DNA Doe Project (AKA DNA Doe Project, Inc.) is a non-profit organization of volunteers who use genetic genealogy to identify unidentified victims of: auto accidents, homicide, unusual circumstances, and people who committed suicide under an alias. History: DNA Doe Project is a 501(c)(3) non-profit based in Sebastopol, California. It was founded in 2017 by Colleen Fitzpatrick and Margaret Press. The two, along with many volunteers, use genealogy in conjunction with DNA from unidentified victims to build family trees through GEDmatch, a free public DNA database. After reading a Sue Grafton novel about a Jane Doe, Margaret planned to use family trees to identify unidentified homicide victims. By March 2018 DNA Doe Project solved its first case. Founders- Colleen Fitzpatrick: Colleen is the founder of IdentiFinders, an organization which uses Y-chromosomal testing to identify male killers in unsolved homicides. IdentiFinders is also responsible for solving the identity of the unknown child on the Titanic. Previously she worked as a nuclear physics PhD with NASA and the Department of Defense. Margaret Press: Margaret is a novelist with previous careers in: computer programming, speech, and language consulting. She retired from computer programming in 2015 and relocated from Salem, Massachusetts to Sebastopol, California to live near family. As a hobby, Press began pursuing genealogy in 2007; helping friends and acquaintances find their loved ones as well as helping adoptees find their biological parents.

new clothes

my aunt and i went shopping and i got tons of stuff. my clothes are so old that i have rips and tears and worn out stuff. not stuff i'd want people seeing unless i had to, which is often as 99% of my clothes are old

miss my friends

while i might miss my friends from the singles ward i'm busy with my own thing: CSI club, physical therapy, homework, class, family. i'm also supporting 1 of my friends who also has scoliosis and needs help with it as it's painful for him.

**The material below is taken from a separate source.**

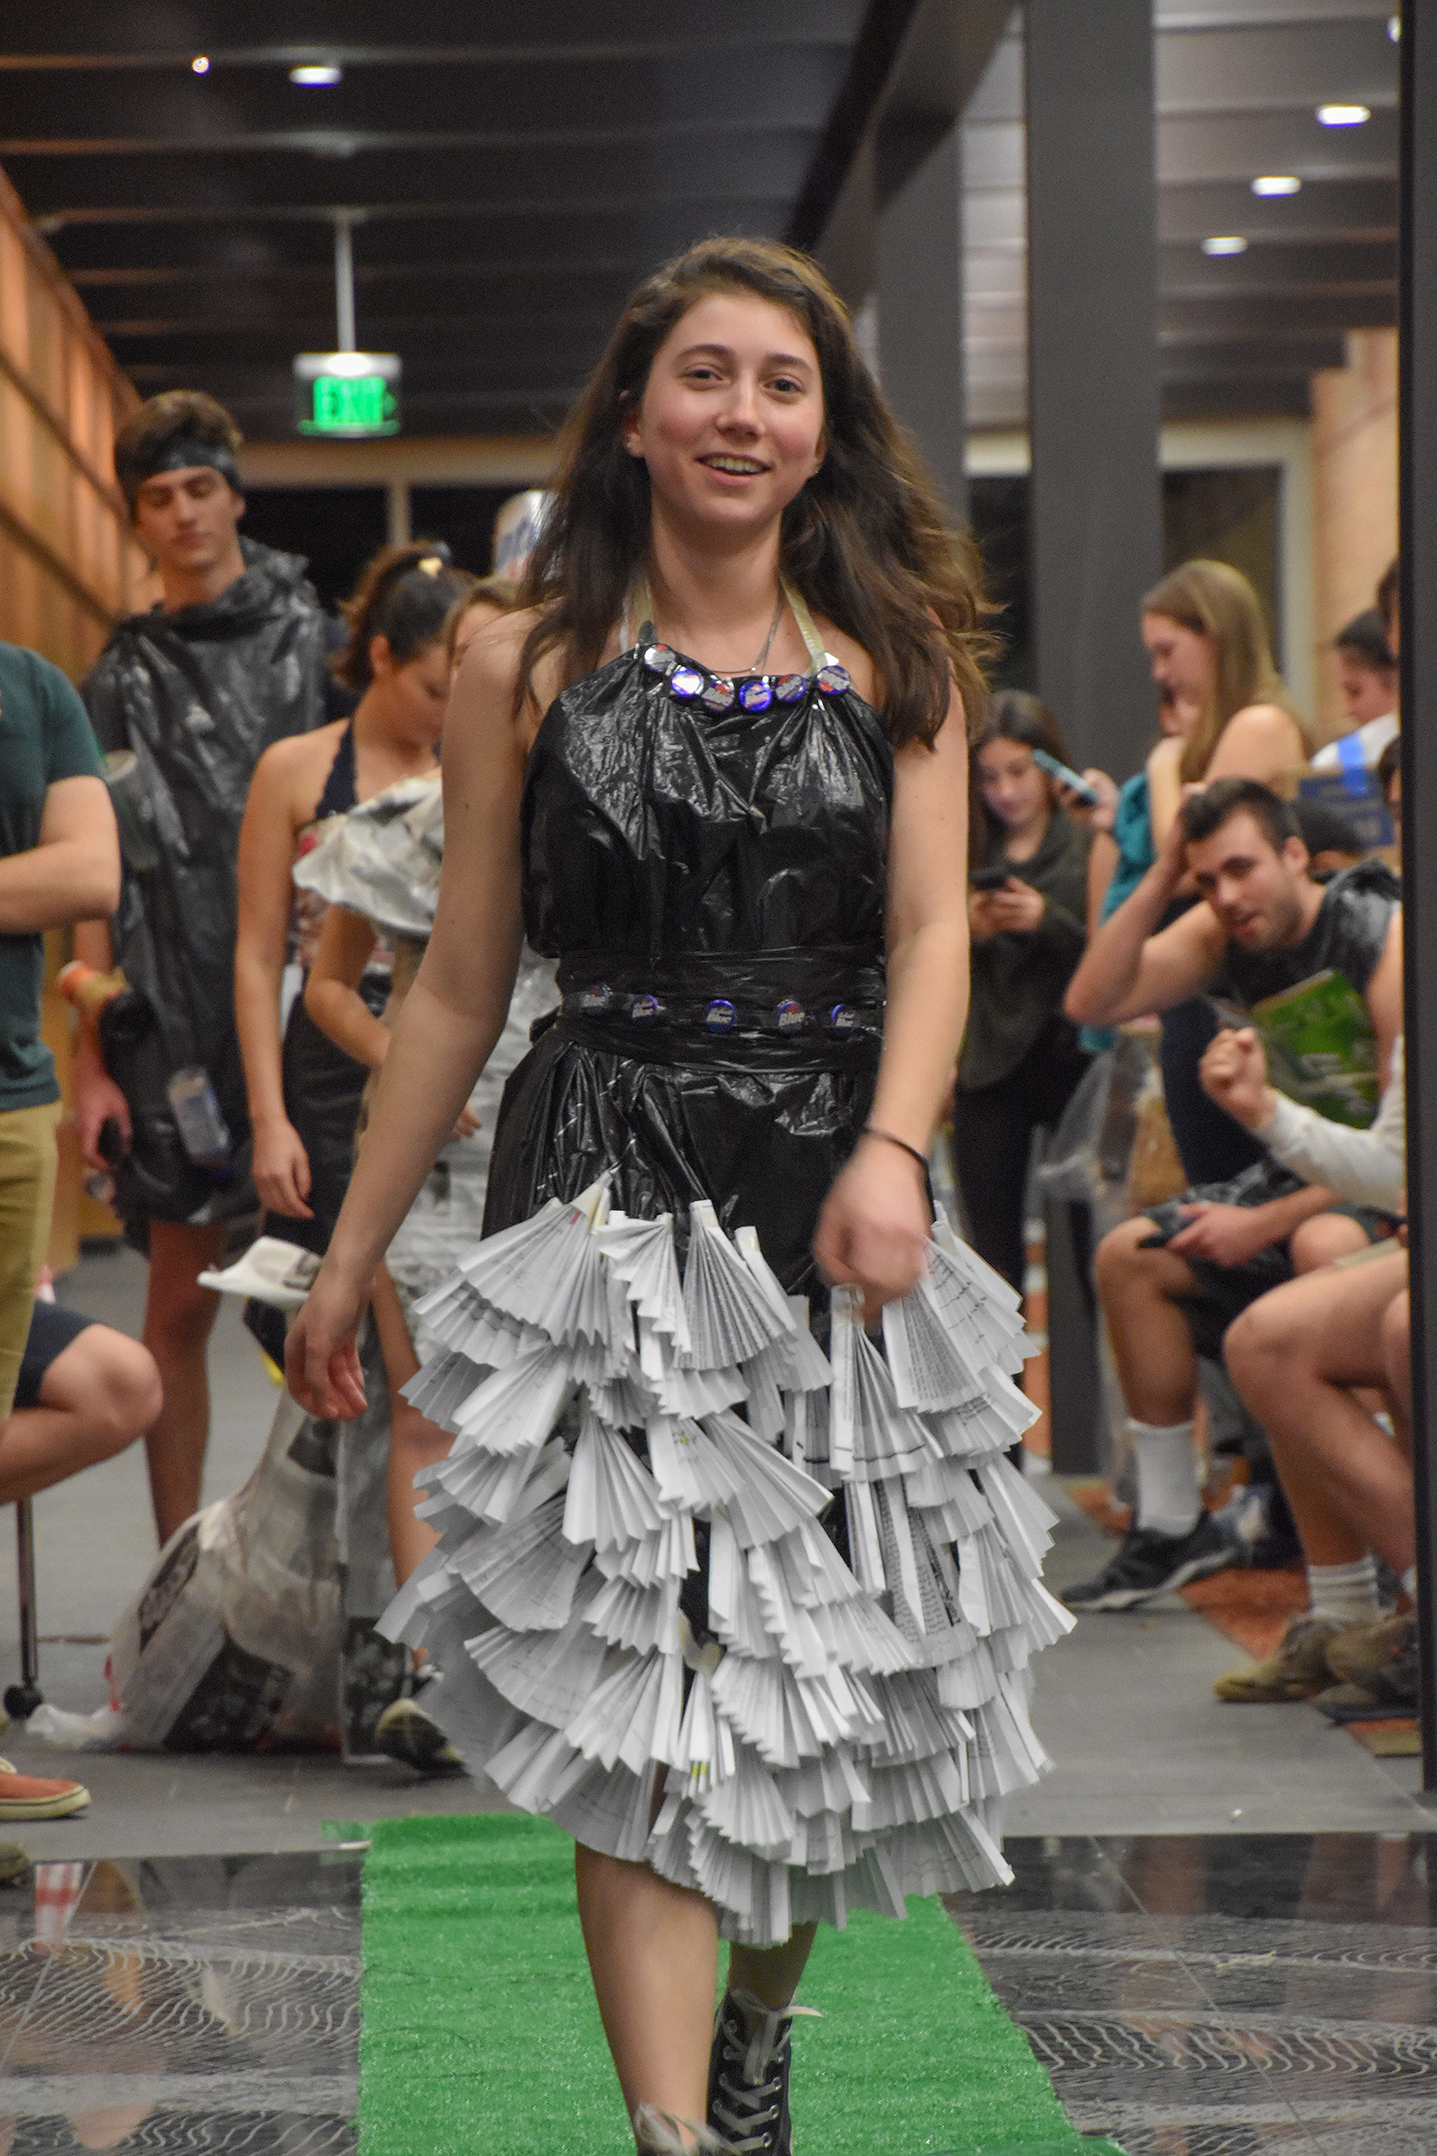 Trashion show: Recycled trash into fashion

i'm supporting a friend of mine who i learned recently has scoliosis. he and i met in science class and found out we have similar interests and some of the same teachers.

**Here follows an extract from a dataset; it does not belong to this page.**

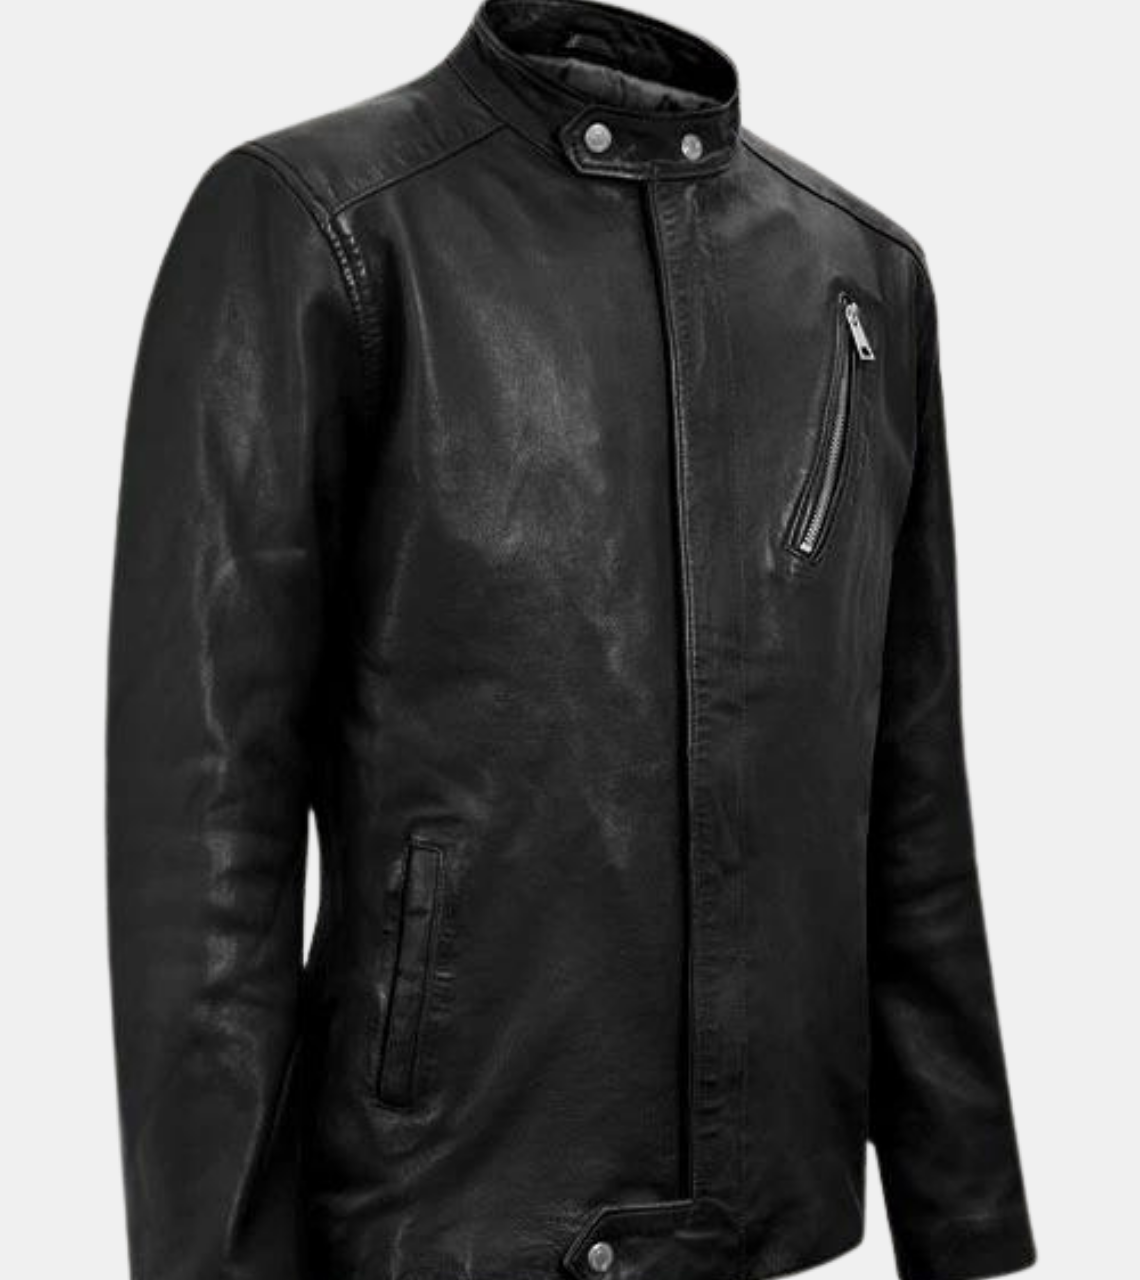  Black Biker's Leather Jacket

Wednesday, October 3, 2018

Wrong turn

So my mom made a wrong turn on the way back from Atlantic City and we went on total accident went to Philadelphia. Didn't see the new temple but we went there


My hair is going to be perpetually messy. I'm too tired to brush it 1/2 the time and the other times I'm too busy


My mom and I did a girls weekend for me being 1/2 way down to a semi-normal weight. I'm in pain because my muscles are tight and my back hurts.

Monday, October 1, 2018

Left forever

I remember dropping wards for weeks at a time but I can't imagine dropping them forever. My mom said they'd "get over it". I don't know. If they noticed me drop them for 5 weeks due to the divorce schedule and vacation I'm not so sure. They're my friends for real. That's why I can't imagine paying them to give me rides. I barely like bringing food for things if they got it covered. They give me rides up the driveway for safety reasons. Especially since its usually late I get back.